§ DESCRIPTION OF THE TASK
Please reproduce all entries word for word, leaving every image behind.

—————

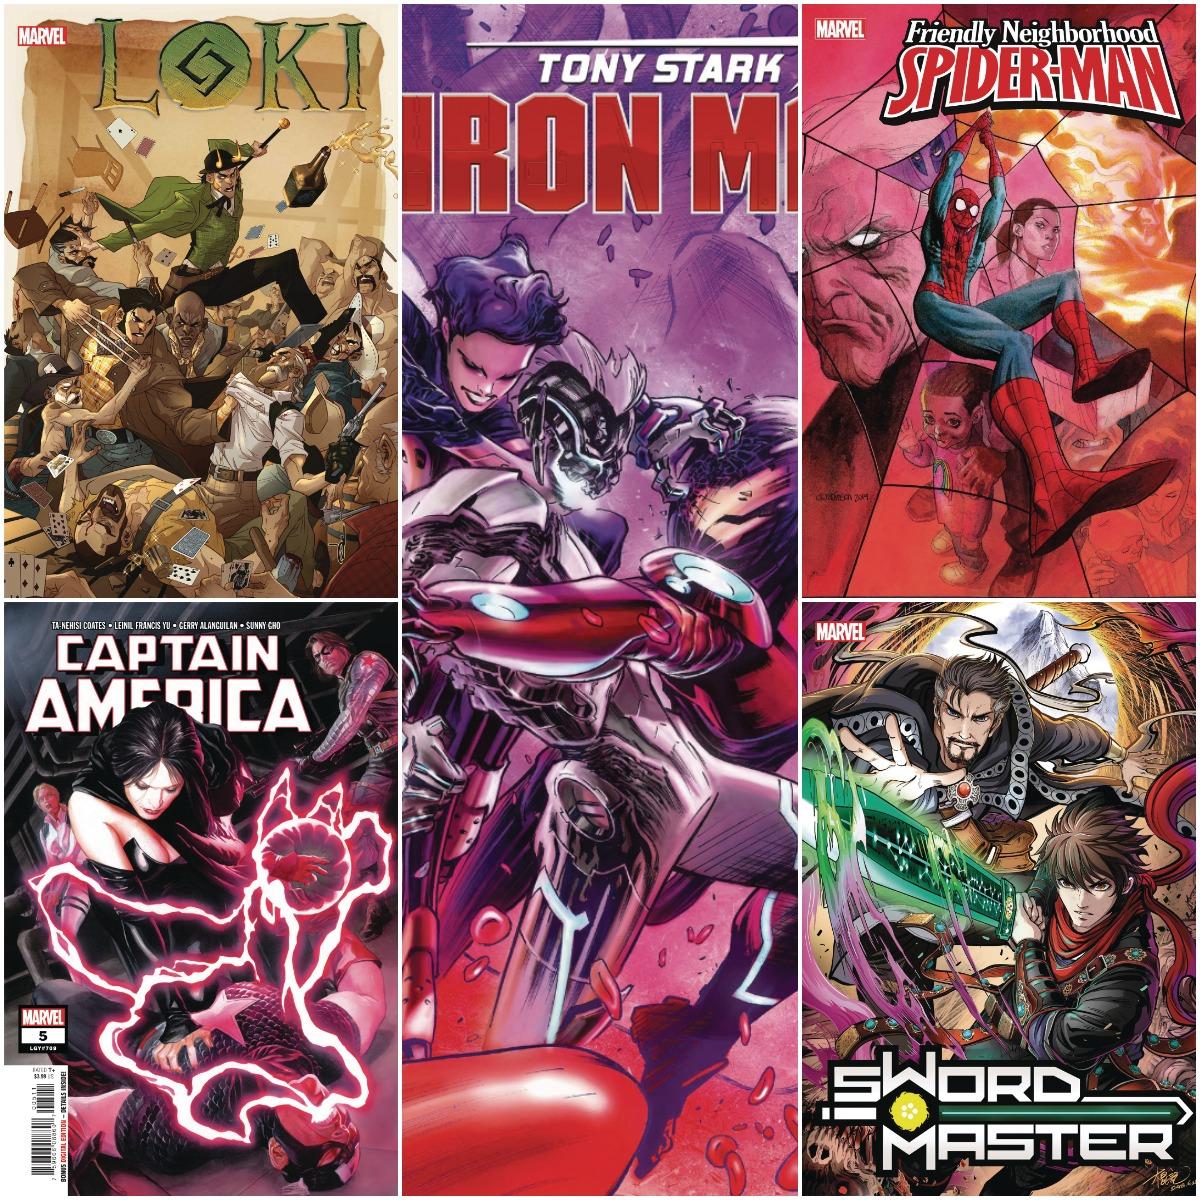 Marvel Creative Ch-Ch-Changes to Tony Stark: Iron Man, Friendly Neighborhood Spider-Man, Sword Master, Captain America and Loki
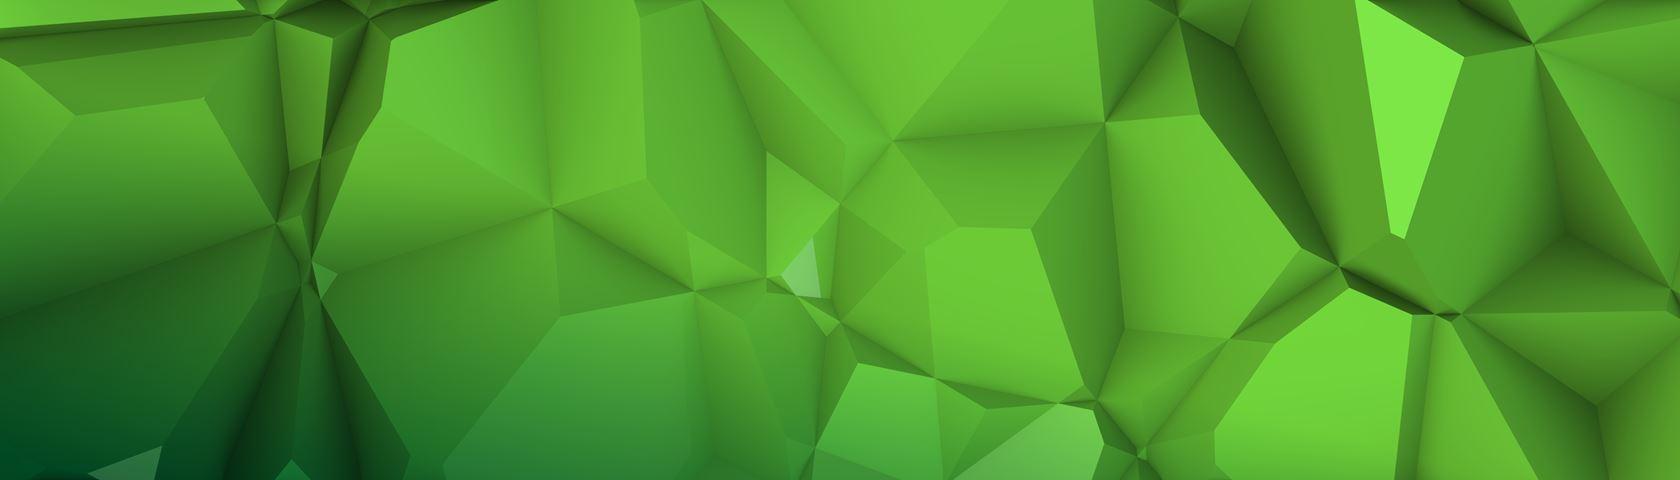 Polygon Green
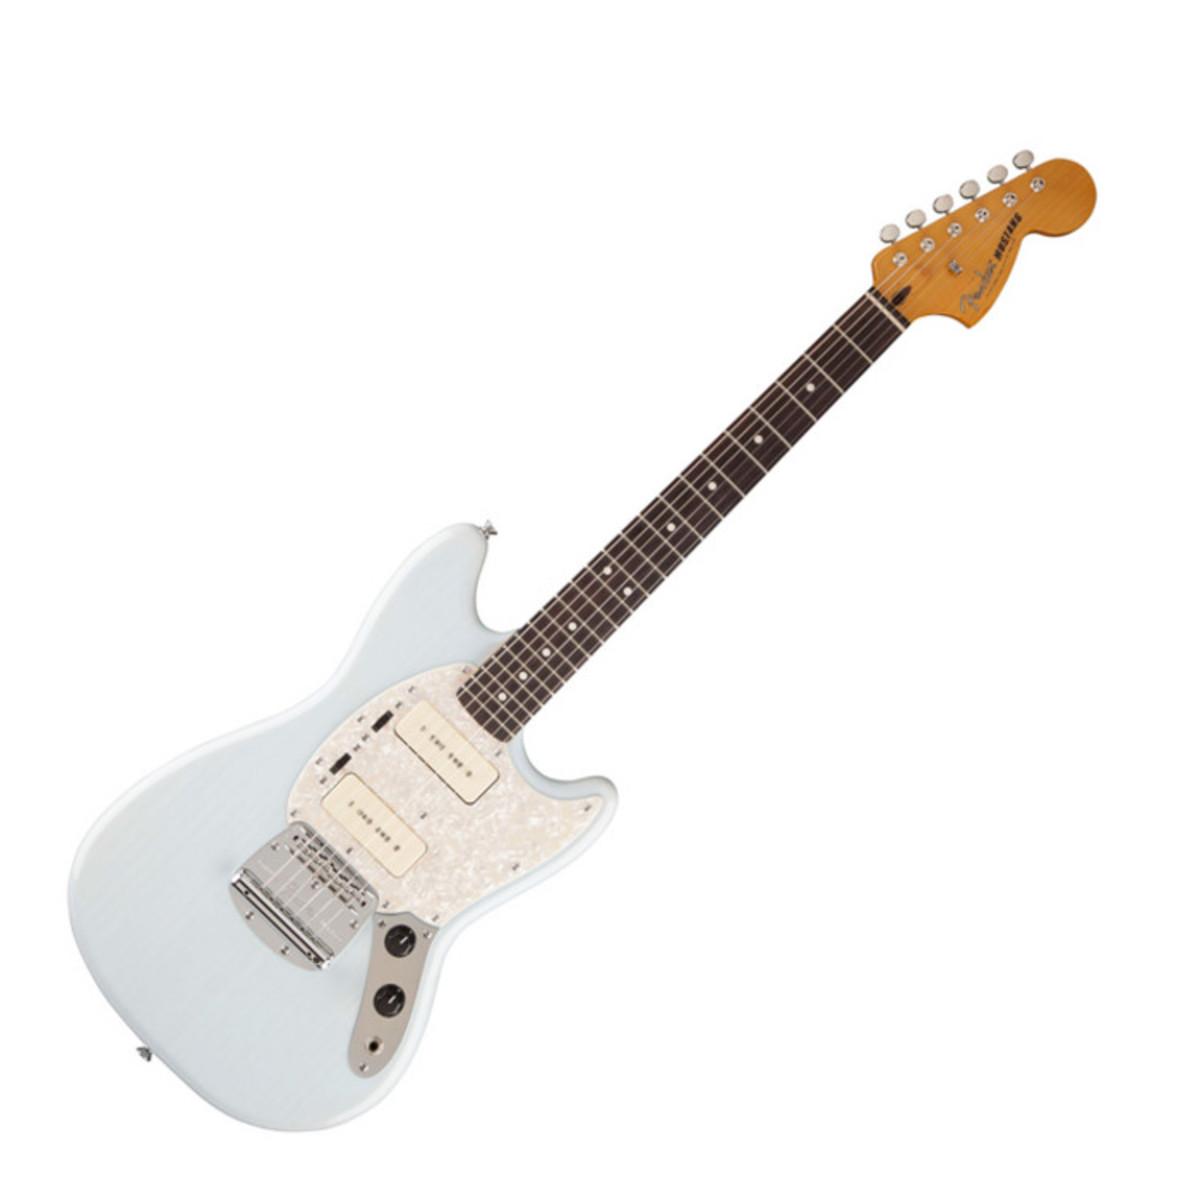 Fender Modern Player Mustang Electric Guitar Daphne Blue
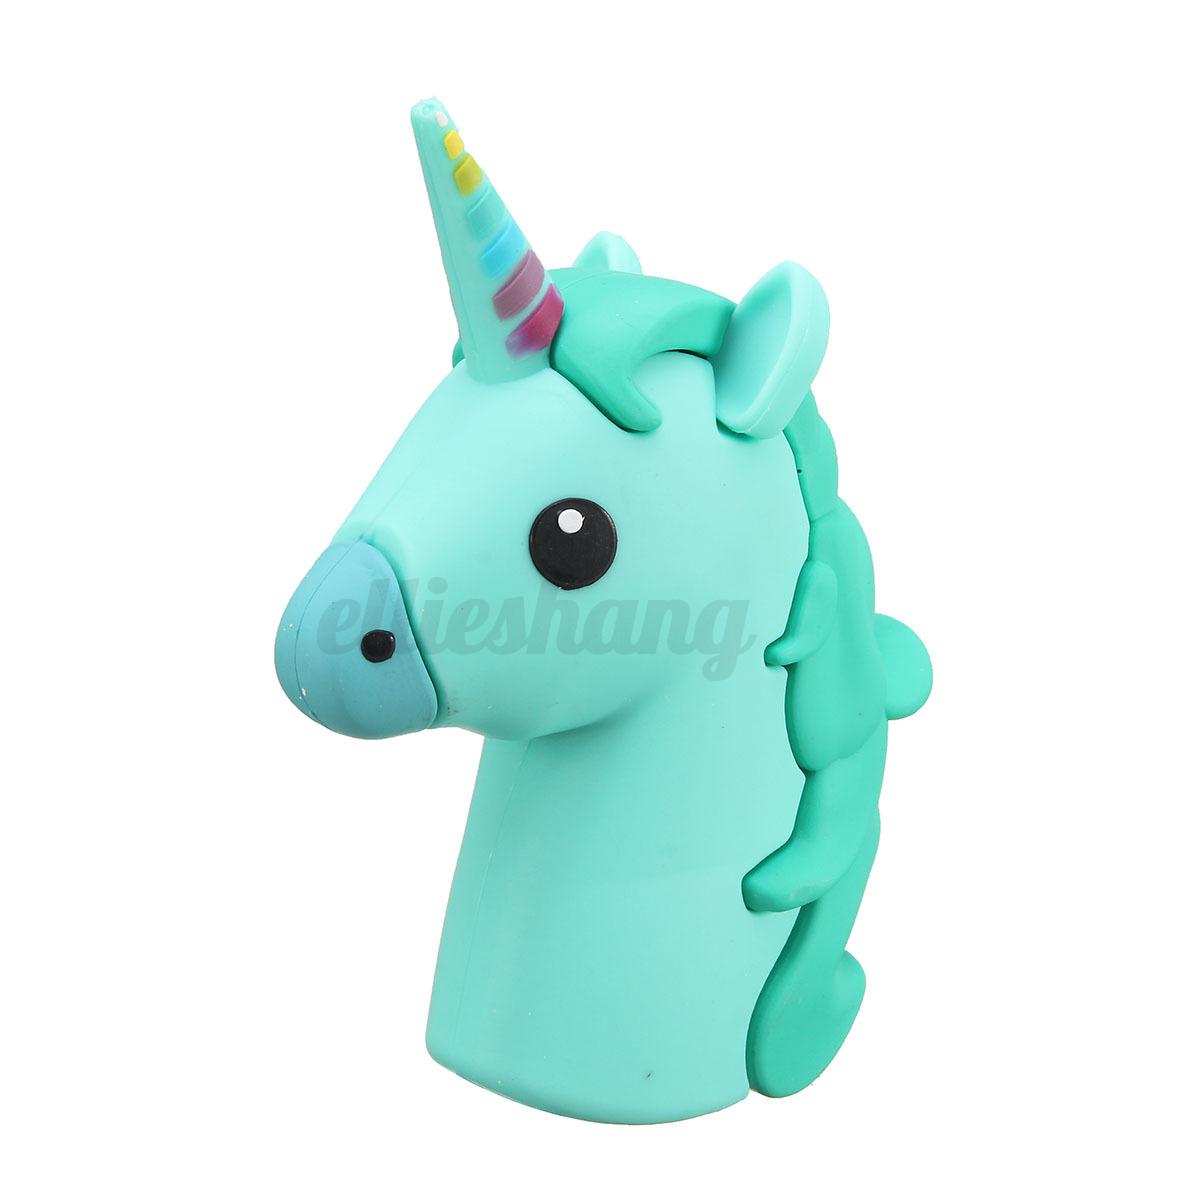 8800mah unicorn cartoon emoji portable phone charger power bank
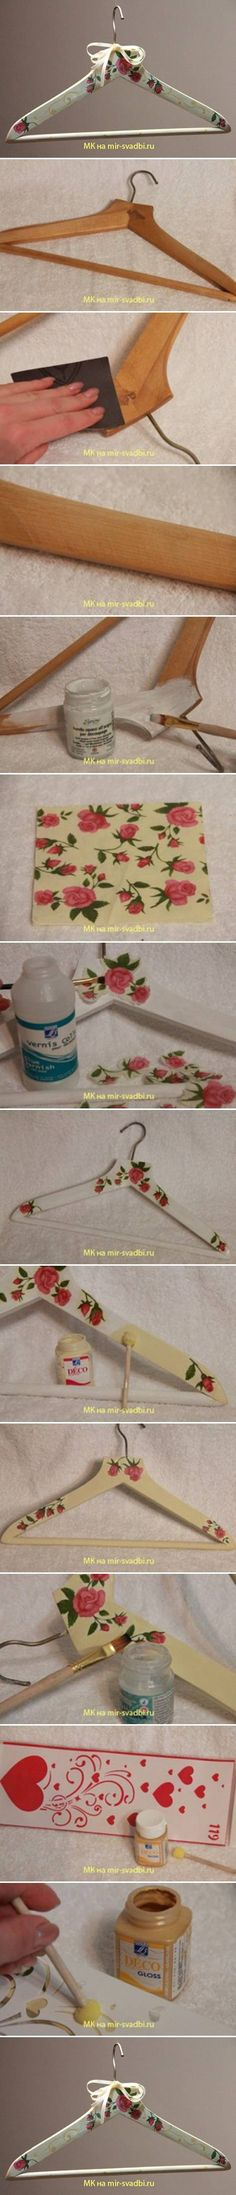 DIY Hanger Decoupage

—————

§ EXPECTED ANSWER
 Marvel Creative Ch-Ch-Changes to Tony Stark: Iron Man, Friendly Neighborhood Spider-Man, Sword Master, Captain America and Loki
 Polygon Green
 Fender Modern Player Mustang Electric Guitar Daphne Blue
 8800mah unicorn cartoon emoji portable phone charger power bank
 DIY Hanger Decoupage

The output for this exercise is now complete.